To determine the volume of the gas mixture, we can use the ideal gas law equation:
PV = nRT
Where: P = Pressure (in atm) V = Volume (in liters) n = Number of moles of gas R = Ideal gas constant (0.0821 L·atm/(mol·K)) T = Temperature (in Kelvin)
To calculate the number of moles of each gas, we'll use their respective molar masses:
Molar mass of O2 (oxygen gas) = 32 g/mol Molar mass of Cl2 (chlorine gas) = 70.91 g/mol
First, let's calculate the number of moles of O2: n(O2) = mass/molar mass = 7 g / 32 g/mol = 0.21875 mol (approximately)
Next, let's calculate the number of moles of Cl2: n(Cl2) = mass/molar mass = 1.5 g / 70.91 g/mol = 0.02115 mol (approximately)
The total number of moles of gas (n) in the mixture is the sum of the moles of O2 and Cl2: n(total) = n(O2) + n(Cl2) = 0.21875 mol + 0.02115 mol = 0.2399 mol (approximately)

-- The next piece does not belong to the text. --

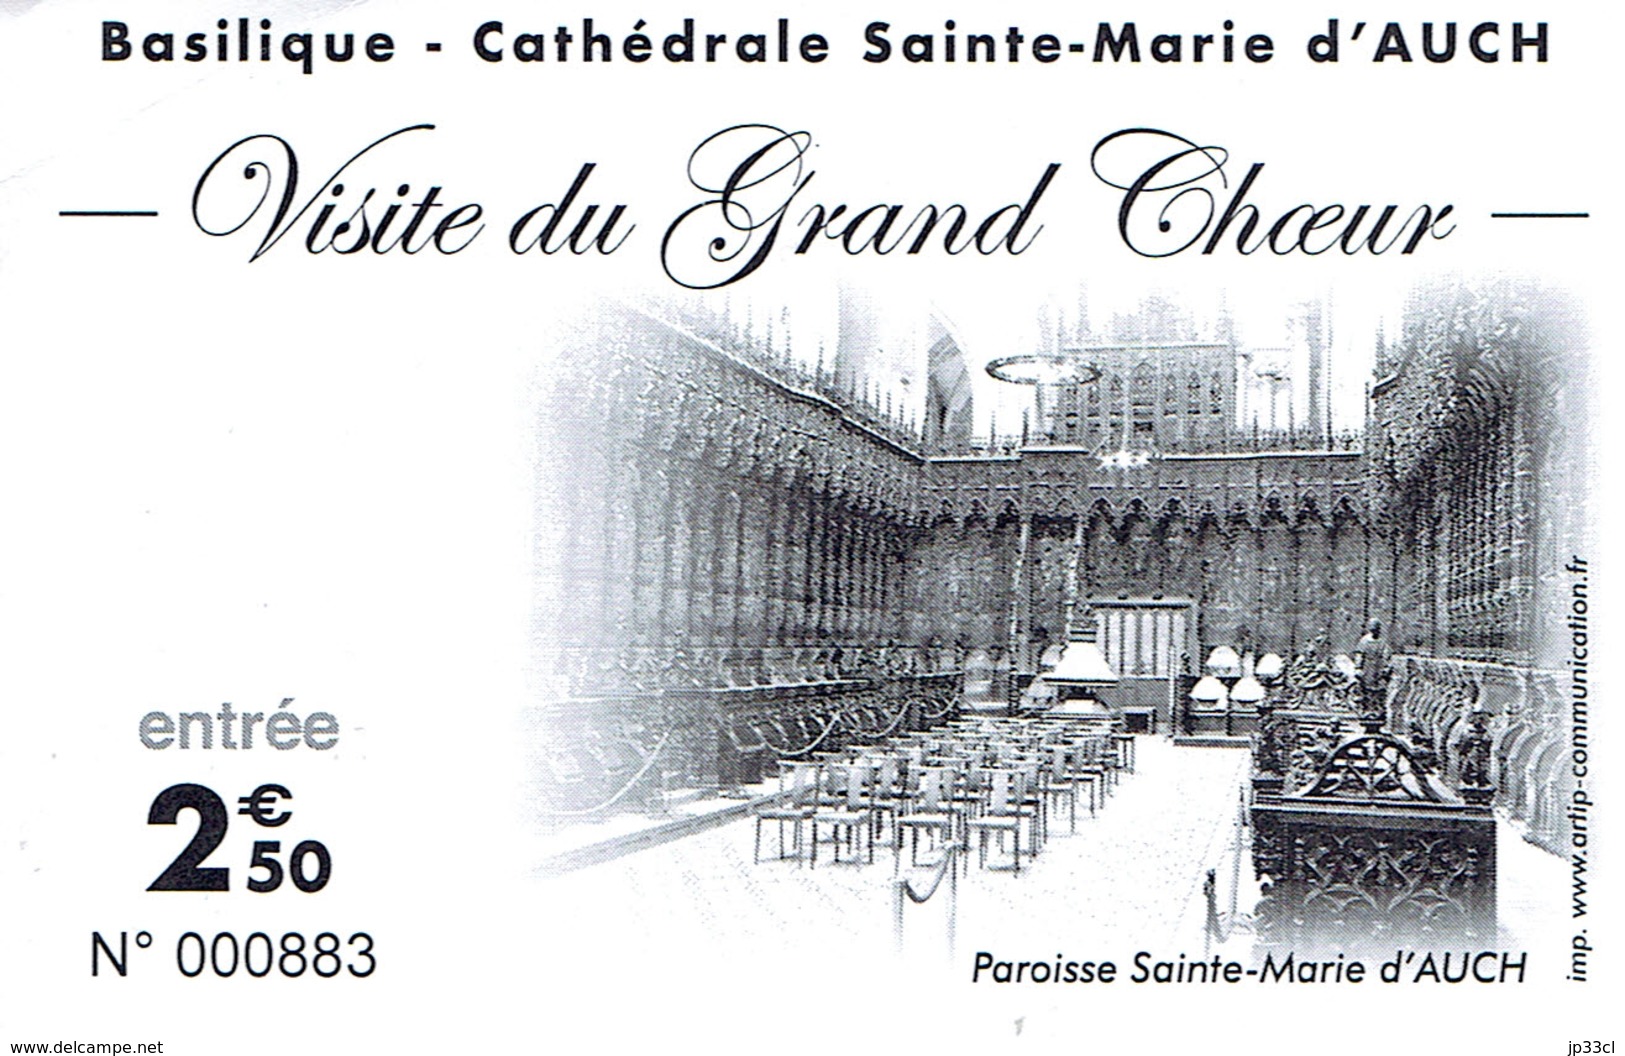 Ticket Billet D'entrée Basilique Cathédrale Saint-Marie D'Auch - Visite Du Choeur - Biglietti D'ingresso

Now, let's convert the temperature from Celsius to Kelvin: T(K) = T(°C) + 273.15 = 22 + 273.15 = 295.15 K
Now we can substitute the known values into the ideal gas law equation to find the volume:
PV = nRT
V = (nRT)/P = (0.2399 mol * 0.0821 L·atm/(mol·K) * 295.15 K) / 482 atm ≈ 0.03806 L
To convert the volume to milliliters (ml), we multiply by 1000: V(ml) = 0.03806 L * 1000 ml/L ≈ 38.06 ml
Therefore, when 7g of O2 and 1.5g of Cl2 are mixed in a container with a pressure of 482 atm and at a temperature of 22⁰C, the volume of the gas mixture is approximately 38.06 ml.